A notebook lets you do anything — including all the things that quietly bias your conclusion. auto-itera makes the discipline mechanical: forbids peeking at test, forbids picking best-of-N on test, forbids moving the metric after the score, forbids skipping the generalization gate between sprints. The discipline is what you can't get from a notebook.
Can I use this on experiments I've already run?
Use it on the next decision. For already-run experiments where the test set was peeked at during debugging, the test set is contaminated for that question — reseal from fresh production data before running auto-itera on it.

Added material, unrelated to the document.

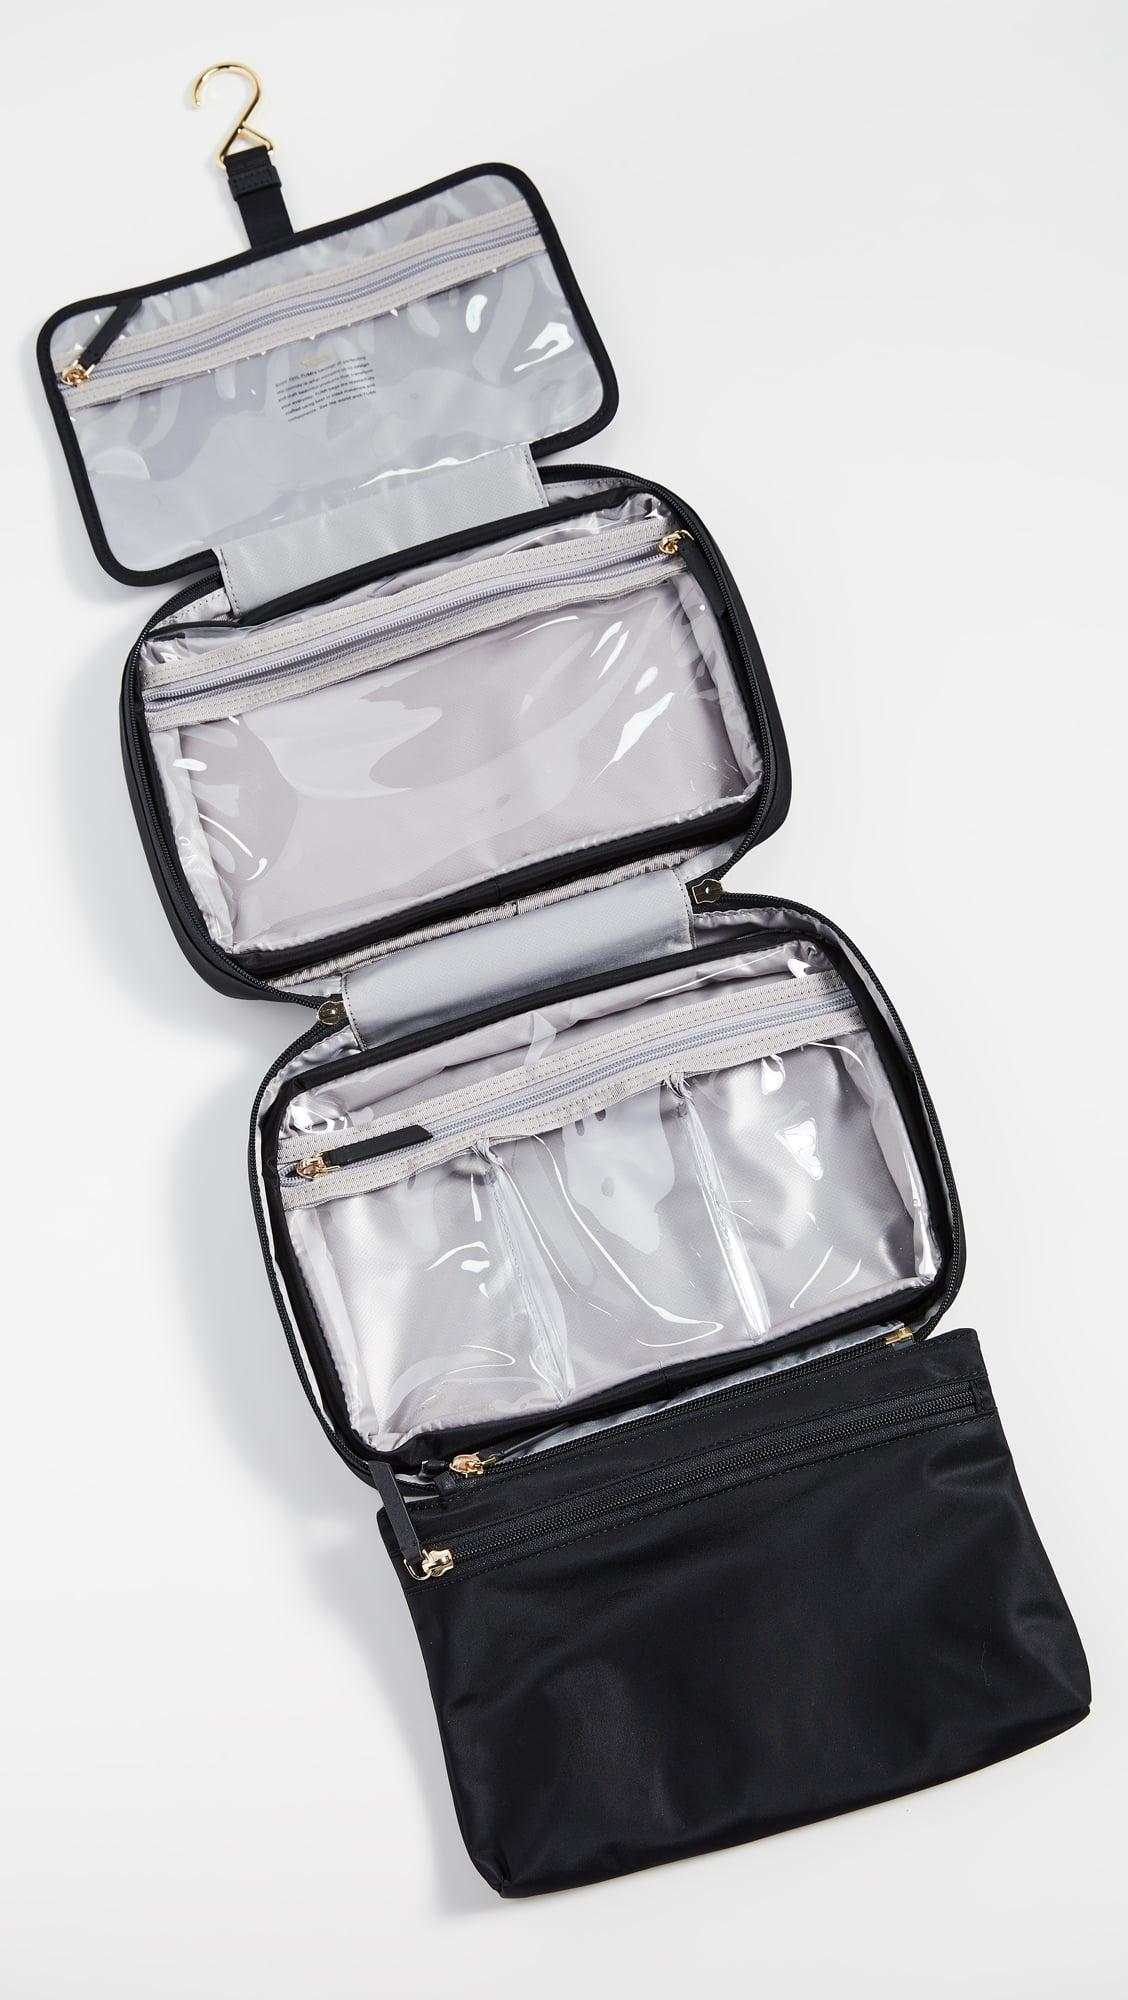 Gloria Kaos Vanity Case Mallette Beauty Case ultra l/ég/ère en polycarbonate flexible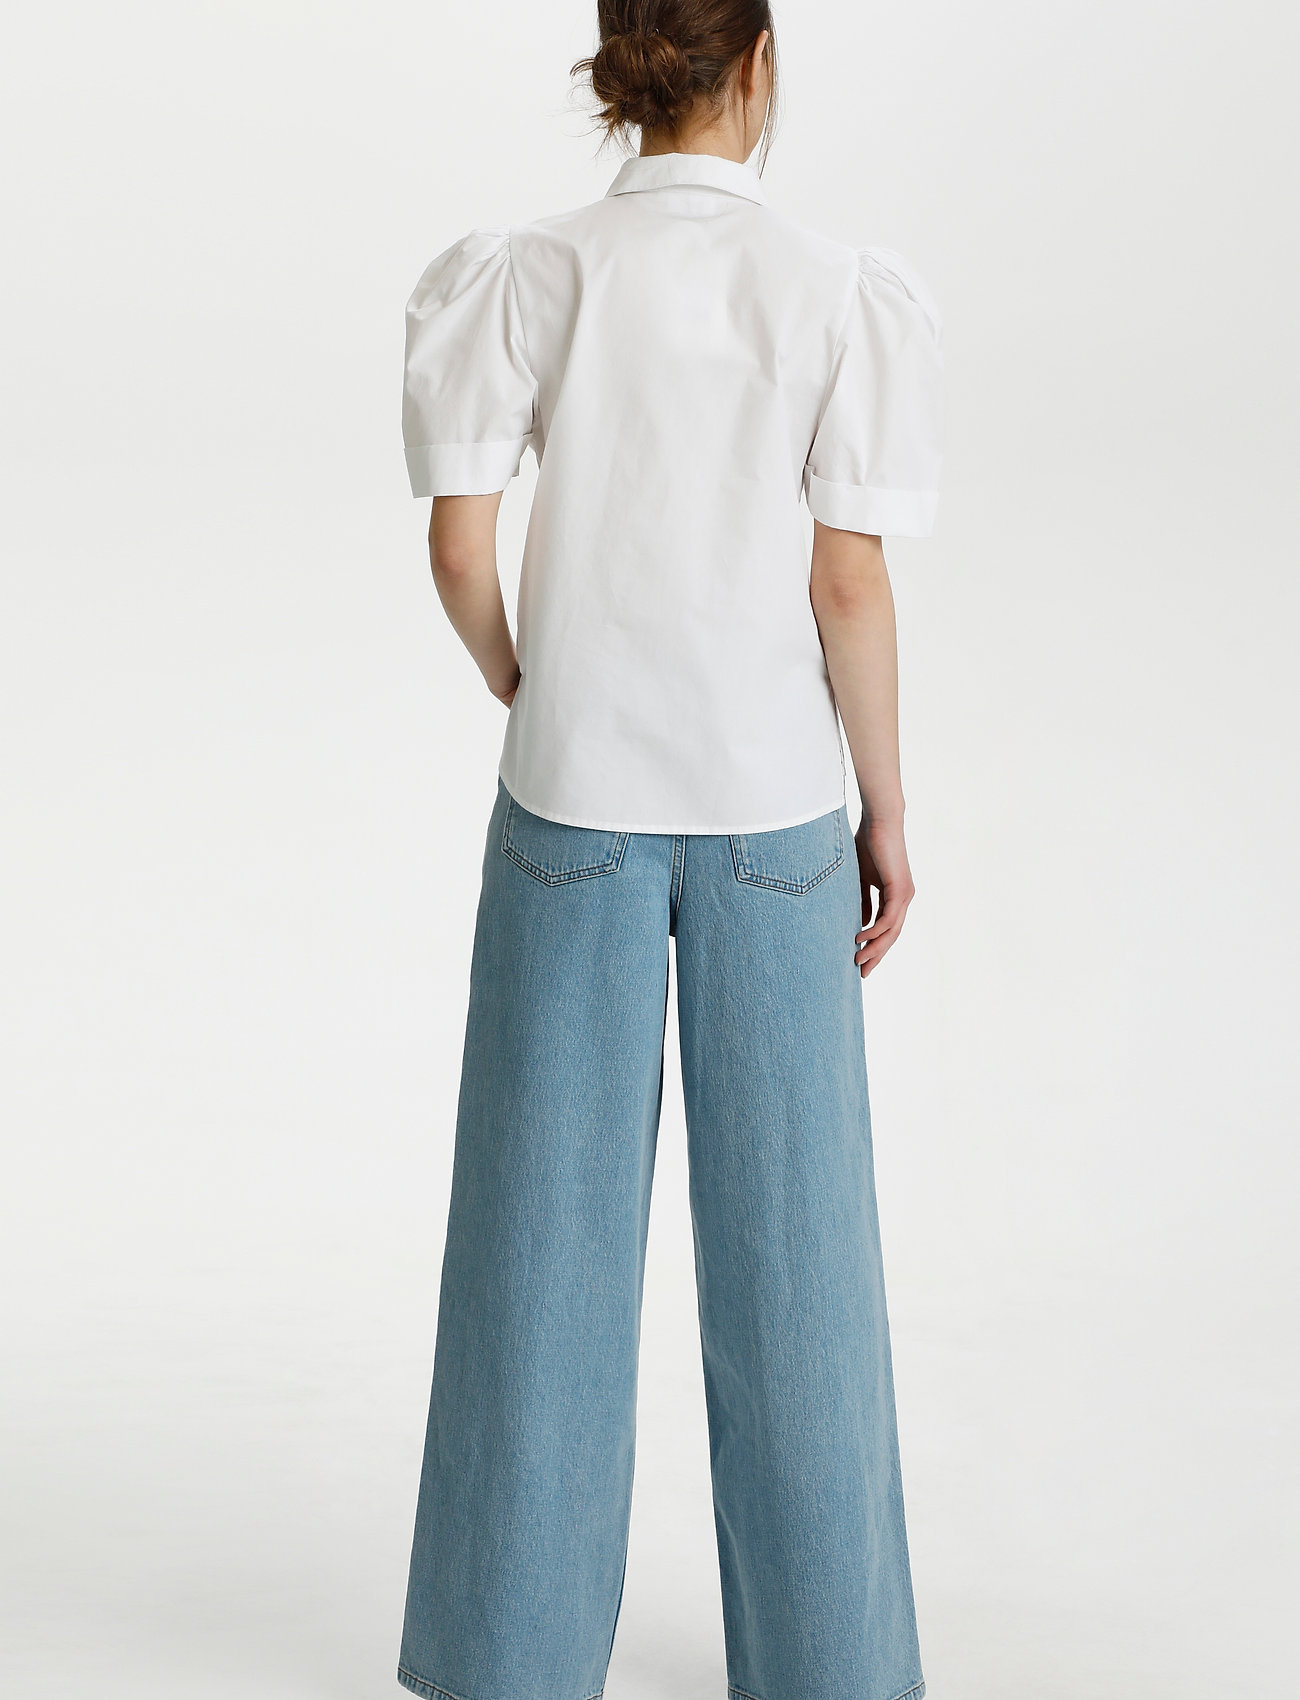 Gestuz - HalioGZ ss shirt - denimskjorter - bright white - 4

Does the chart helper require Python?
Yes. scripts/chart.py and scripts/render-loop-diagram.py use matplotlib via a PEP 723 inline-deps header — uv run provisions an isolated env automatically; python3 works as fallback if matplotlib is already installed. The skill itself (the discipline + conclusion doc) works without Python.
Contributing
Issues and PRs welcome. The highest-value contribution is a new entry to the Common Rationalizations table in SKILL.md from a real experience — the kind that ends "…and we shipped it, and then production regressed." Those are the stories the skill exists to prevent.